ANOVA (Analysis of Variance)

ANOVA is a statistical technique that assesses potential differences in a scale-level dependent variable by a nominal-level variable having 2 or more categories.  For example, an ANOVA can examine potential differences in IQ scores by Country (US vs. Canada vs. Italy vs. Spain).   The ANOVA, developed by Ronald Fisher in 1918, extends the t and the z test which have the problem of only allowing the nominal level variable to have just two categories.   This test is also called the Fisher analysis of variance.

The Free software below allows you to easily conduct an ANOVA.

Get a Jump Start on Your Quantitative Results Chapter



General Purpose of ANOVA

Researchers and students use ANOVA in many ways.  The use of ANOVA depends on the research design.  Commonly, ANOVAs are used in three ways: one-way ANOVA, two-way ANOVA, and N-way Multivariate ANOVA.

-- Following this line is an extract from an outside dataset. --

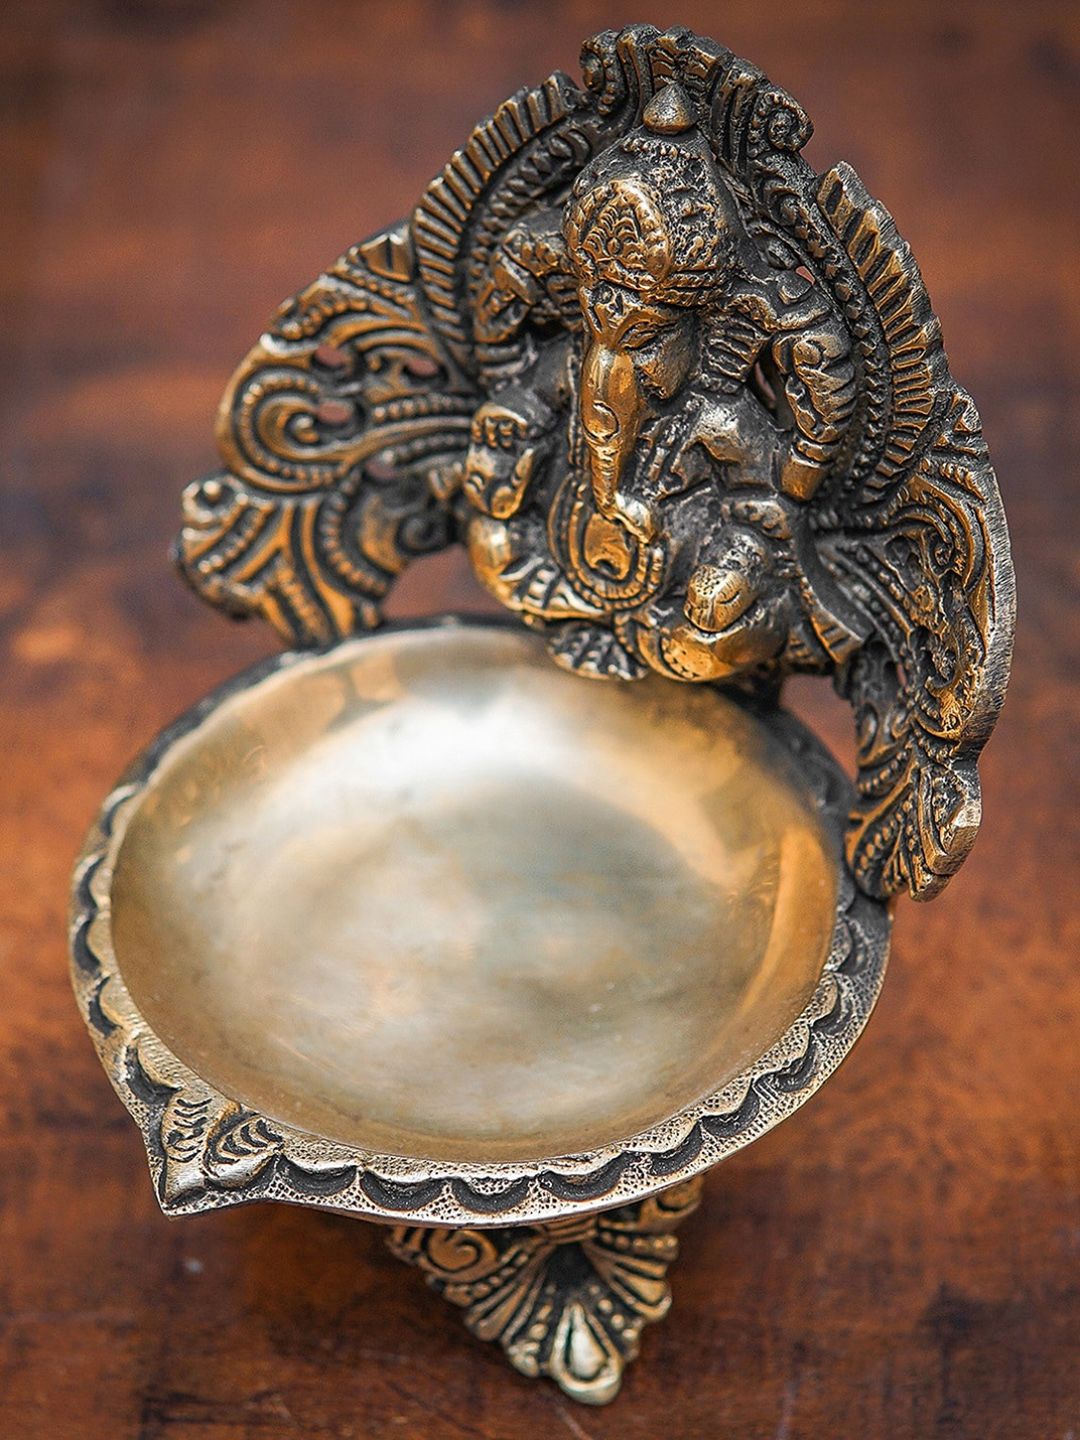 StatueStudio Gold-Toned Ganesha Diya Pooja Essentials Price in India
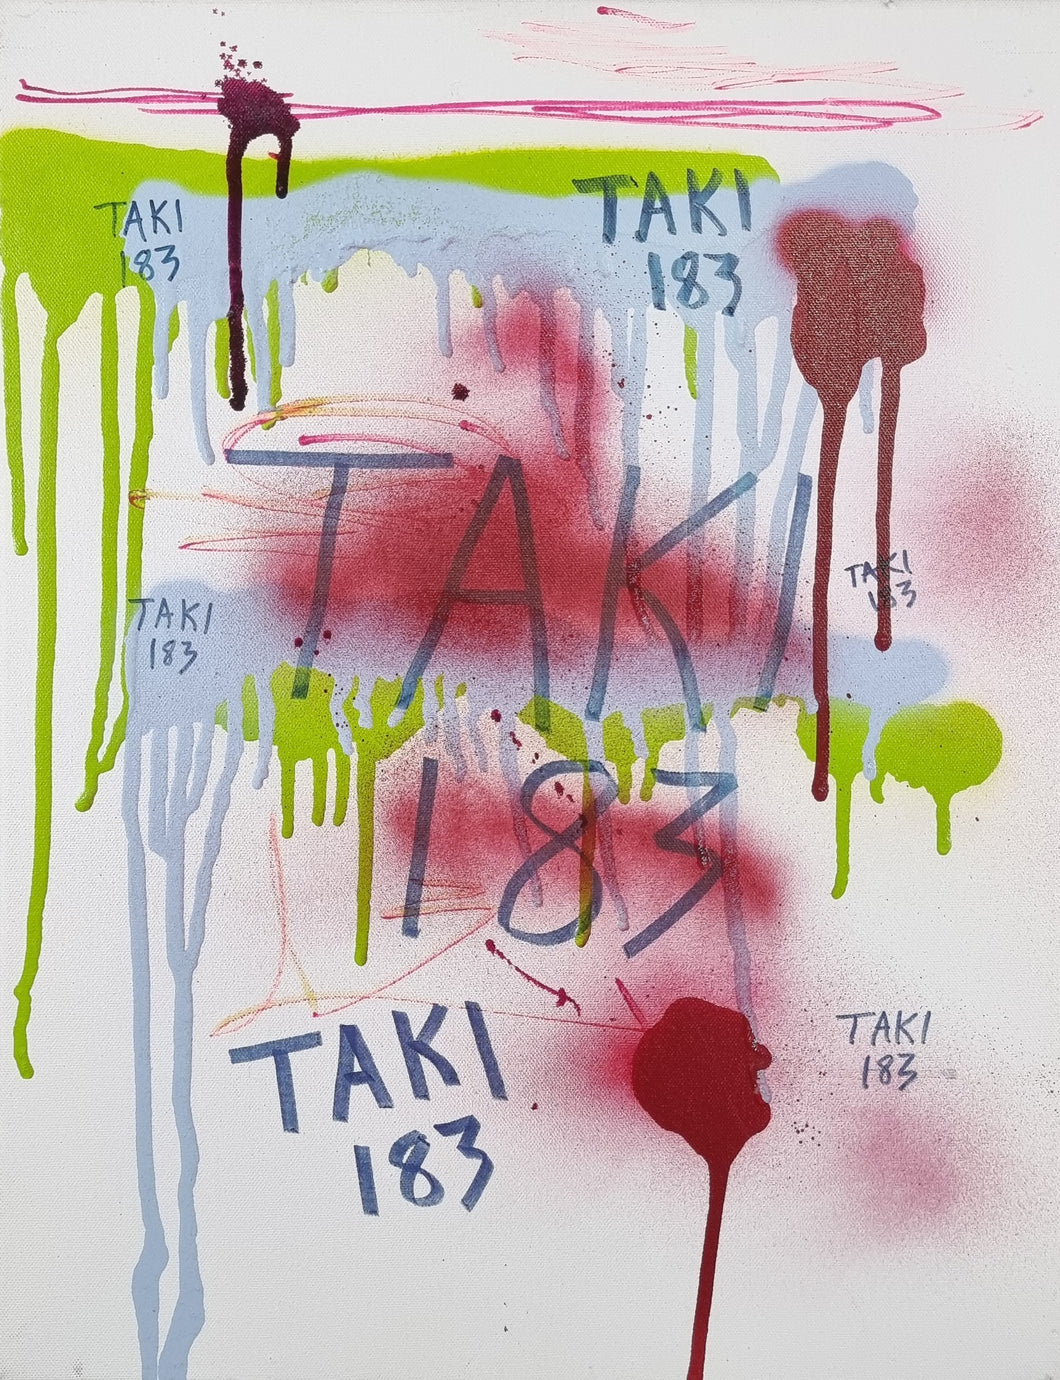 TAKI 183 Untitled - Painting on canvas

A one-way ANOVA refers to the number of independent variables--not the number of categories in each variables.  A one-way ANOVA has just one independent variable.  For example, difference in IQ can be assessed by Country, and County can have 2, 20, or more different Countries in that variable.


A two-way ANOVA refers to an ANOVA using 2 independent variable.  Expanding the example above, a 2-way ANOVA can examine differences in IQ scores (the dependent variable) by Country (independent variable 1) and Gender (independent variable 2).  Two-way ANOVA’s can be used to examine the INTERACTION between the two independent variables. Interactions indicate that differences are not uniform across all categories of the independent variables.  For example, females may have higher IQ scores overall compared to males, and are much much greater in European Countries compared to North American Countries.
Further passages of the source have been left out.